Practical implication: restrict which input channels can trigger high-impact tool actions and treat all external content as untrusted by default.

Why tool invocation is the real control point

In agentic systems, the critical decision is often not what the model says, but what it is allowed to do next. Tool invocation connects reasoning to action, so a misconfigured agent can read data, send messages, or call other systems with very little friction. If the agent can chain tools, the blast radius grows fast because one unsafe decision can cascade into multiple systems. This is why inline inspection matters.

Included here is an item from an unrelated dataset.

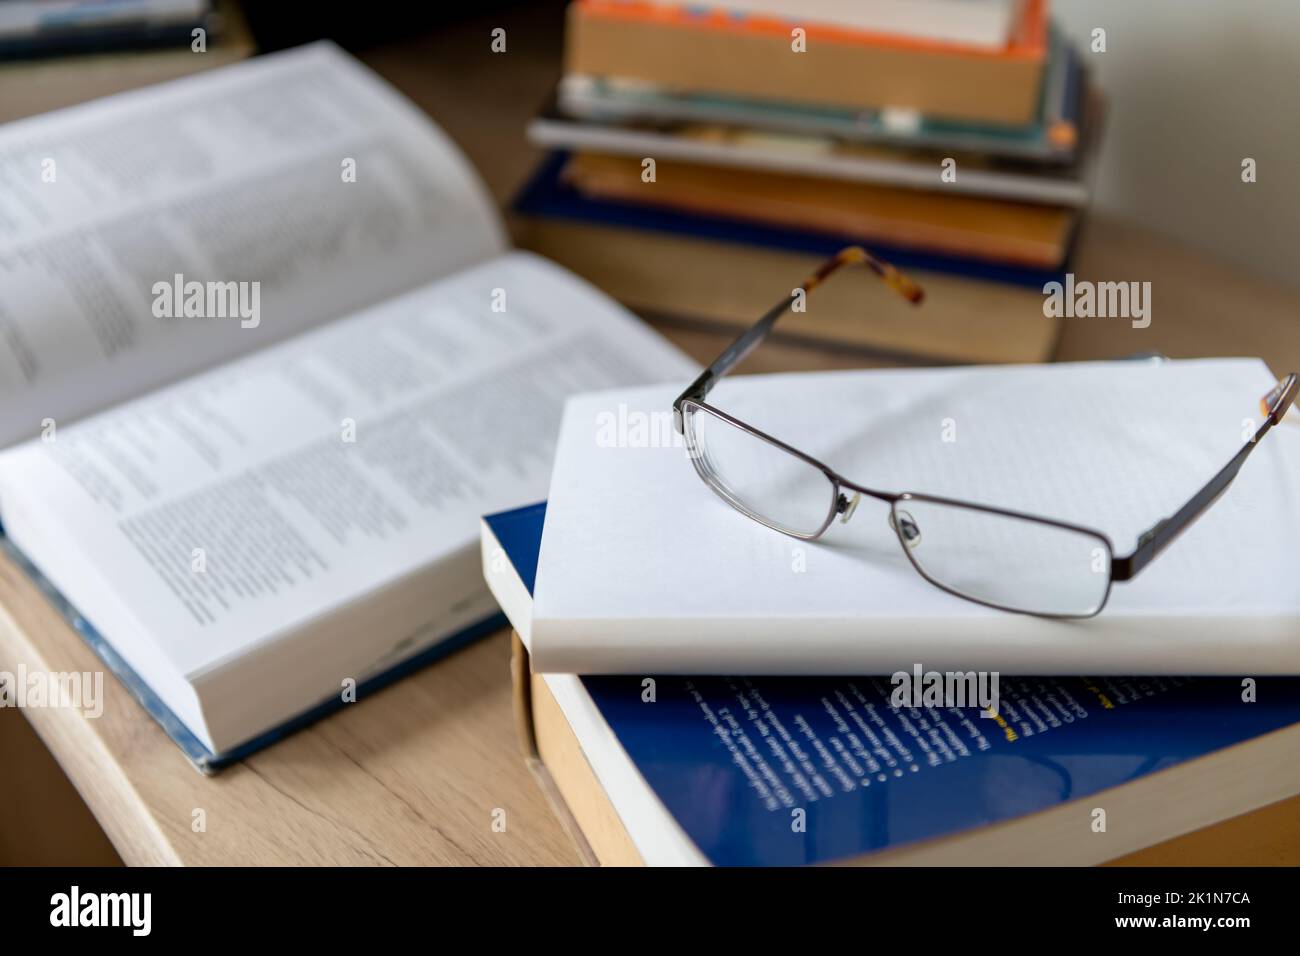 A pair of glasses and on a pile of printed books on a desk. Stock Photo

Security teams need to evaluate intent, context, and destination before a tool call executes, not after logs are written.

Practical implication: place policy enforcement at the tool boundary and block high-risk actions before the invocation completes.

Agent visibility must cover build, trigger, and behaviour

Copilot-style agent platforms lower the barrier to creation, which means governance cannot assume central engineering ownership. A useful control model needs to know who built the agent, what it connects to, which identity it runs under, and which triggers can activate it. Without that inventory, security teams cannot judge whether a public flow, unauthenticated chat input, or delegated connection is acceptable. This is a lifecycle problem as much as a runtime problem. Discovery, approval, and monitoring must span the full agent lifecycle rather than stop at deployment.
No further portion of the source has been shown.